OK this is the first time I have been on any ad site since I got back from hols cos life has had a turn for the worst since then!! And this is what I see!! Am feeling very angry.



> hi i have a male chinchilla for sale he is grey and dose not bite. has been well handled and loves to be out of his cage. he is 1 yr old and is a loverly pet.


Can you believe it...now it is a poor little Chinchilla!

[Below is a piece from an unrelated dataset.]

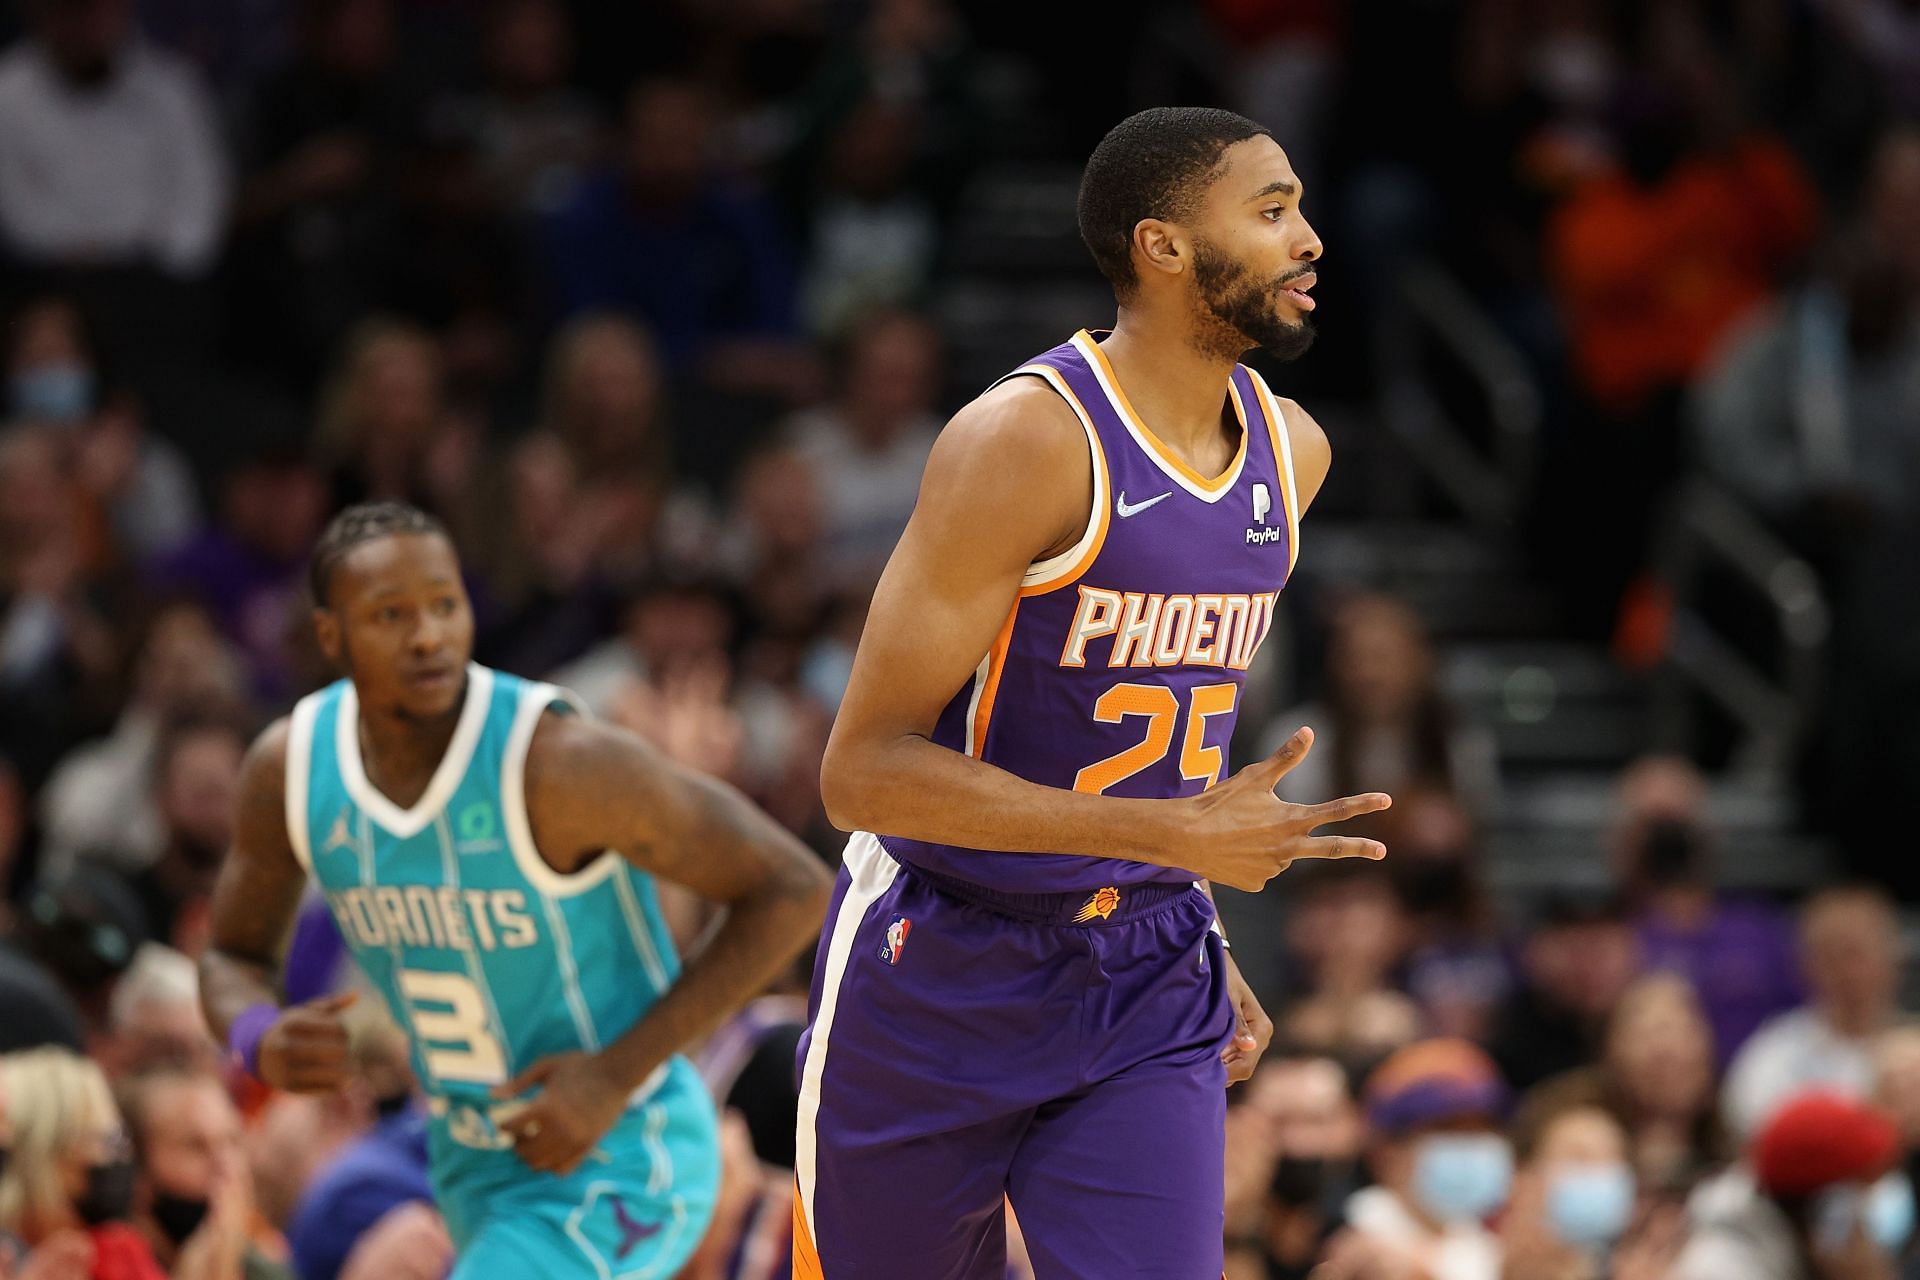 Phoenix Suns wing Mikal Bridges has made noise as a potential Defensive Player of the Year

Am actually tempted apart from the fact its encouraging her I guess


----------



## Guest (Aug 10, 2011)

Ugh, stupid girl :cursing:

You know not to hand her any money hun, but if he is free


----------



## niki87 (Nov 18, 2009)

B3rnie said:


> Ugh, stupid girl :cursing:
> 
> You know not to hand her any money hun, but if he is free


Great thanks now I have ideas!!!!!!  



I don't think he is though...she seems to hoard in animals that are probably free or cheap then sell them on


----------



## Guest (Aug 10, 2011)

niki87 said:


> Great thanks now I have ideas!!!!!!
> 
> 
> 
> I don't think he is though...she seems to hoard in animals that are probably free or cheap then sell them on


hmy: me, I'm inocent 

Grr I can't stand people like that, ohhh the mood I'm in just give me 5mins in a room with her :cursing:


----------



## Lil Miss (Dec 11, 2010)

Ugh the idiot that poor little chin needs friends =(


----------



## noushka05 (Mar 28, 2008)

what a horrible shallow moron she is:cursing:


how many have you rescued from her up to now Niki? xx


----------



## niki87 (Nov 18, 2009)

noushka05 said:


> what a horrible shallow moron she is:cursing:
> 
> how many have you rescued from her up to now Niki? xx


Argent got them and I took in a mum and 15 baby rats from her. But not long ago she was insisting on money for another female...now she has a companion and both are being sold on I've noticed this afternoon but was a couple of weeks back. And she has also been advertising for ferrets, then 2 weeks later selling ferrets


----------



## noushka05 (Mar 28, 2008)

niki87 said:


> Argent got them and I took in a mum and 15 baby rats from her. But not long ago she was insisting on money for another female...now she has a companion and both are being sold on I've noticed this afternoon but was a couple of weeks back. And she has also been advertising for ferrets, then 2 weeks later selling ferrets


thats disgusting, i cant abide people like her who just get rid of their pets when theyre bored with them:cursing:

well done to you and Argent for rescuing some of the poor mites


----------